• Exercise objective
Your reply should set down word for word each line below from the one with "無料イラスト 2020年 カレンダー 7月縦型 月イメージイラスト" through the final line, both included, but none of the pictures.

• Information supplied
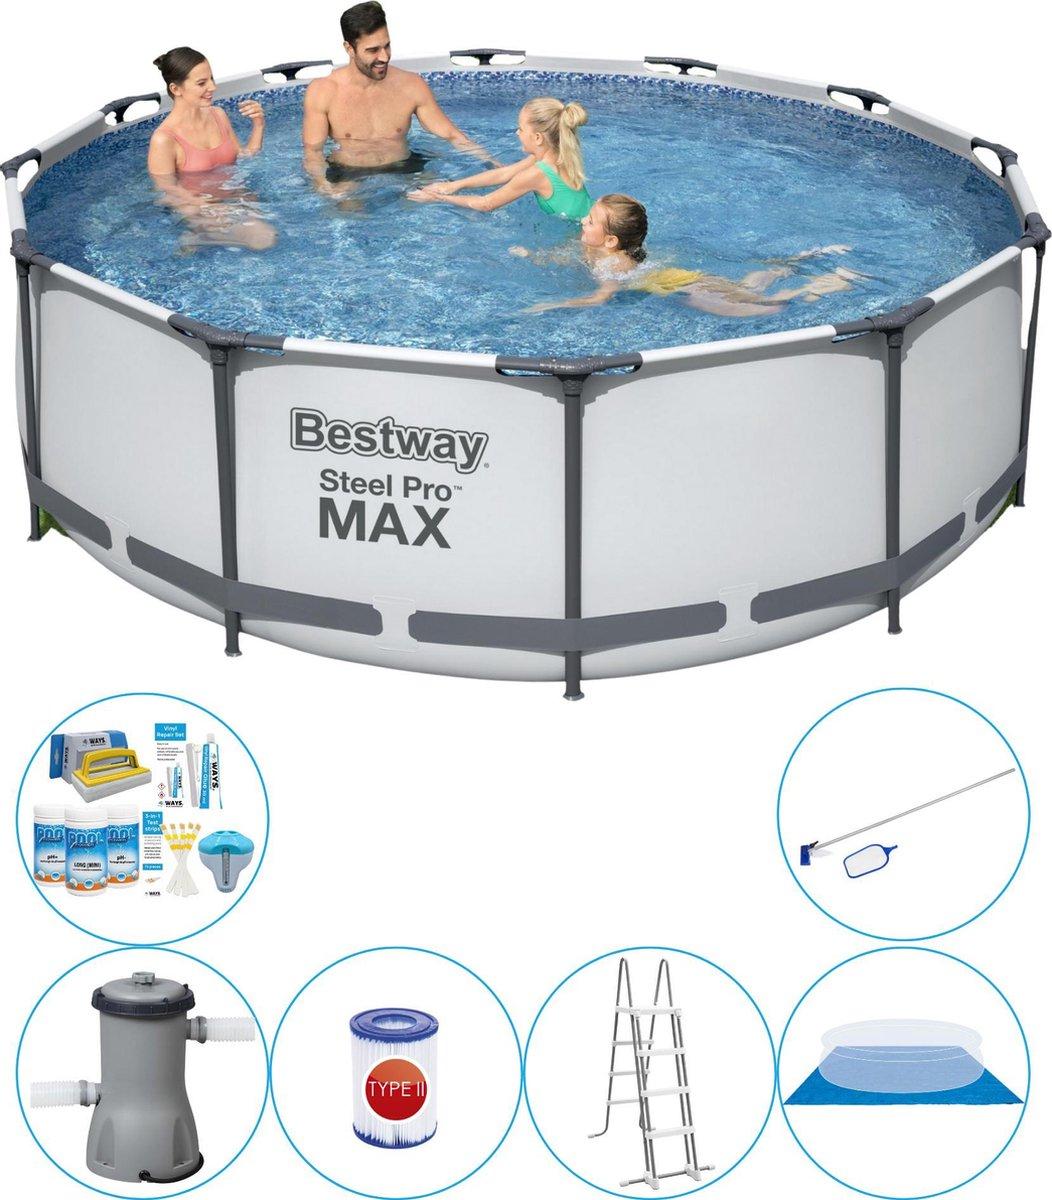 Bestway Steel Pro MAX Rond 366x100 cm - 7-delig - Zwembad Pakket
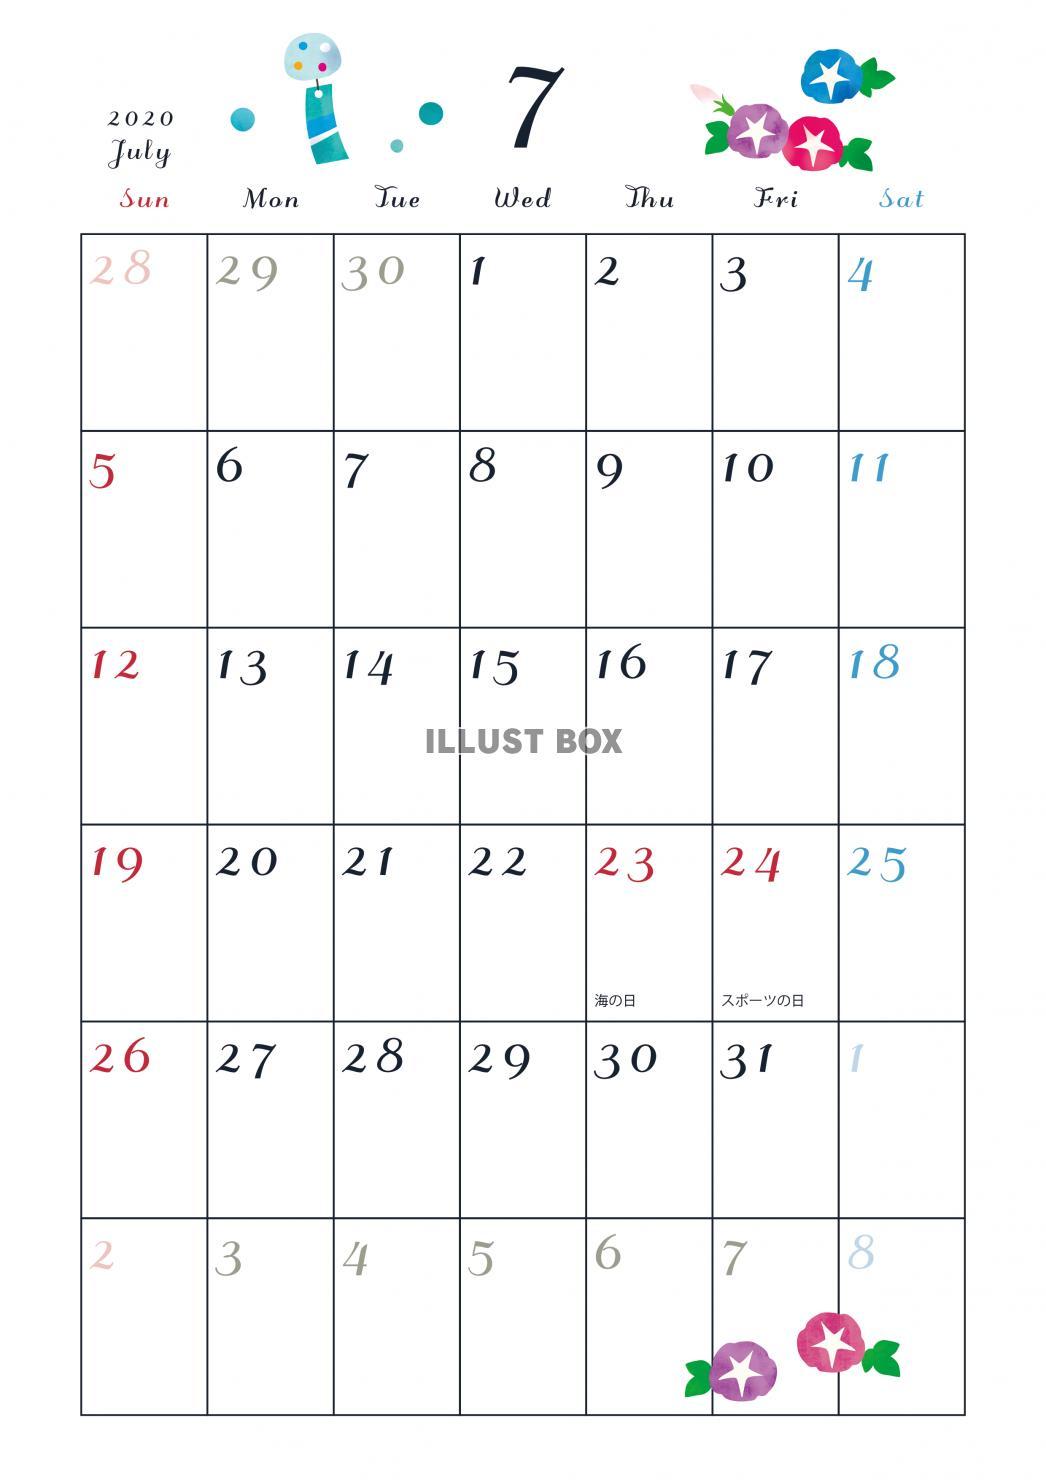 無料イラスト 2020年 カレンダー 7月縦型 月イメージイラスト
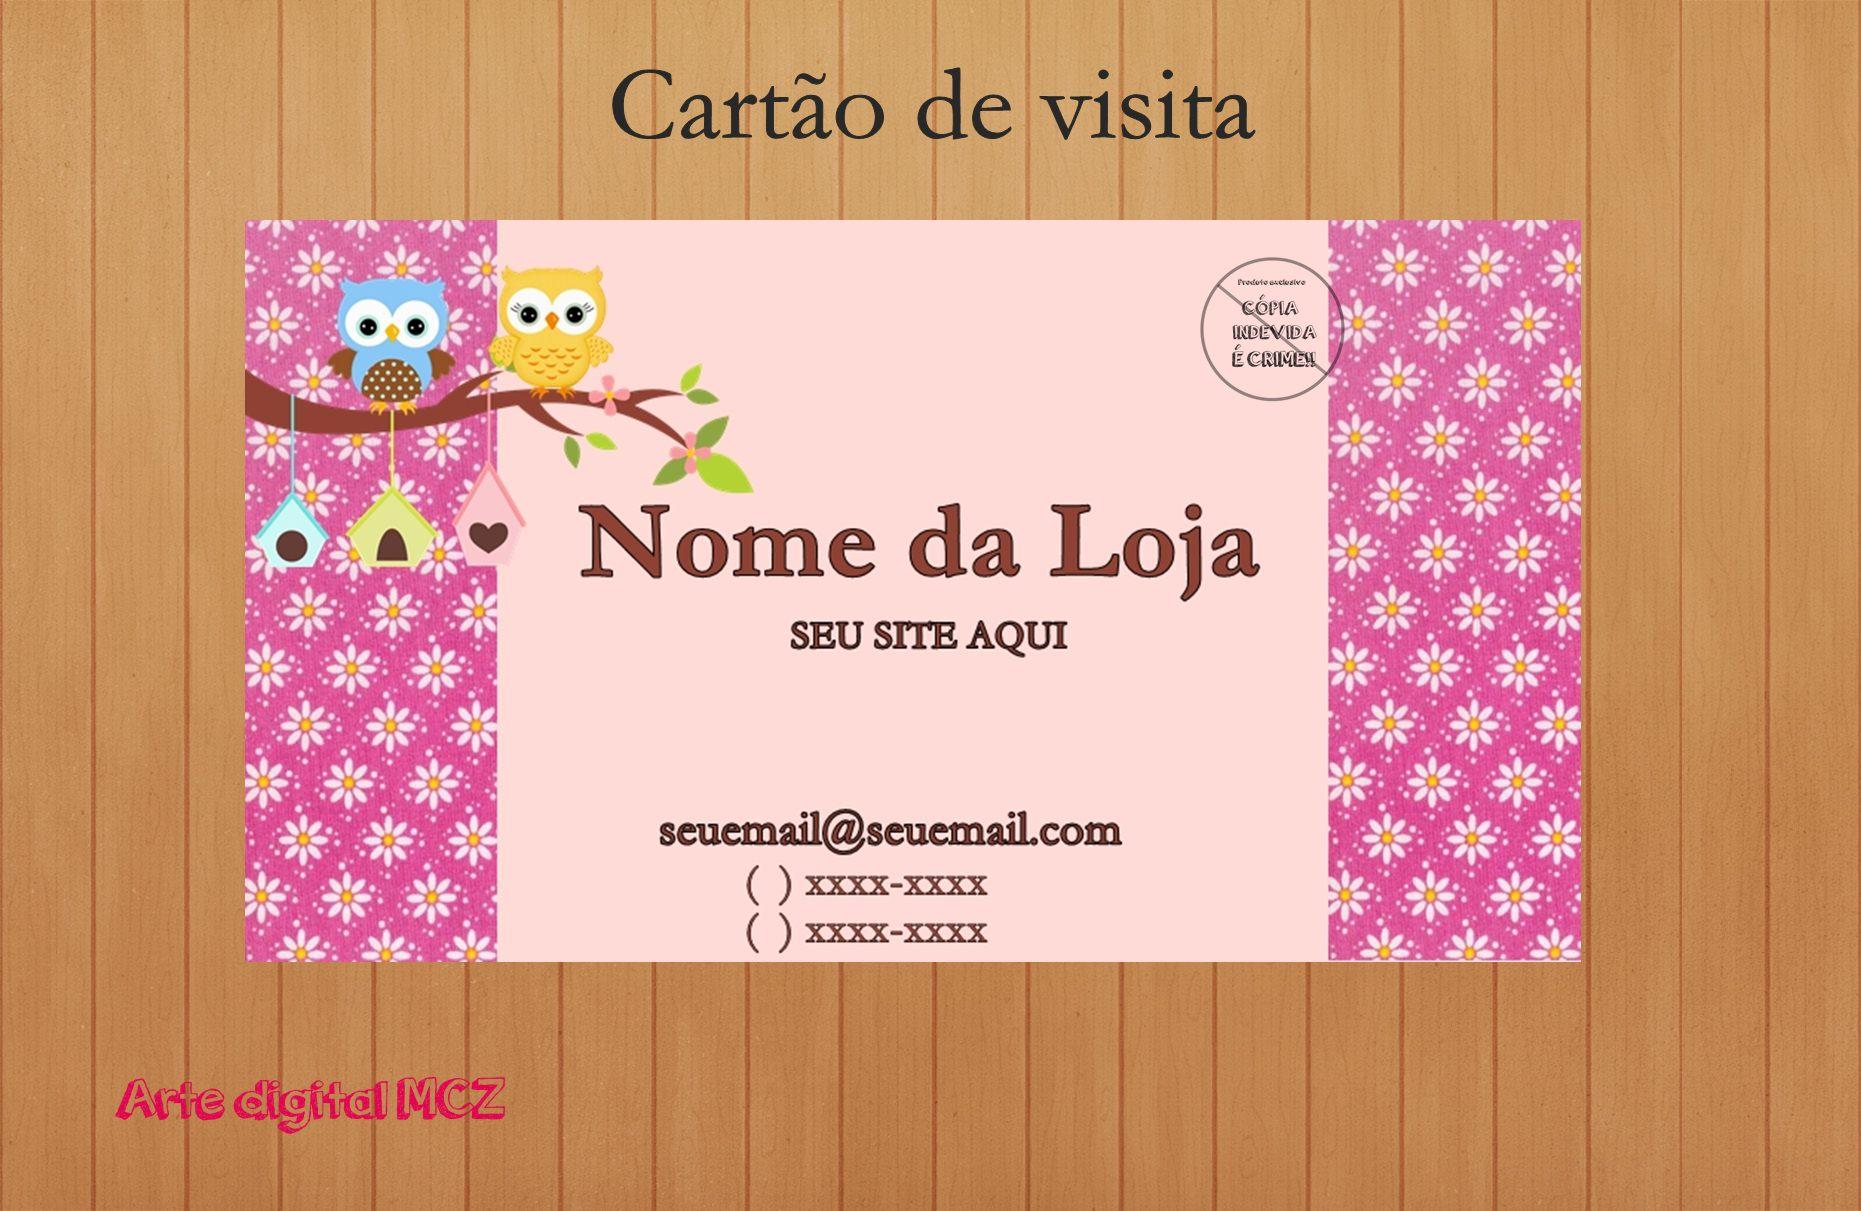 Top Cartao de Visita Corujinha | Elo7 CQ31

• Answer section
 無料イラスト 2020年 カレンダー 7月縦型 月イメージイラスト
 Top Cartao de Visita Corujinha | Elo7 CQ31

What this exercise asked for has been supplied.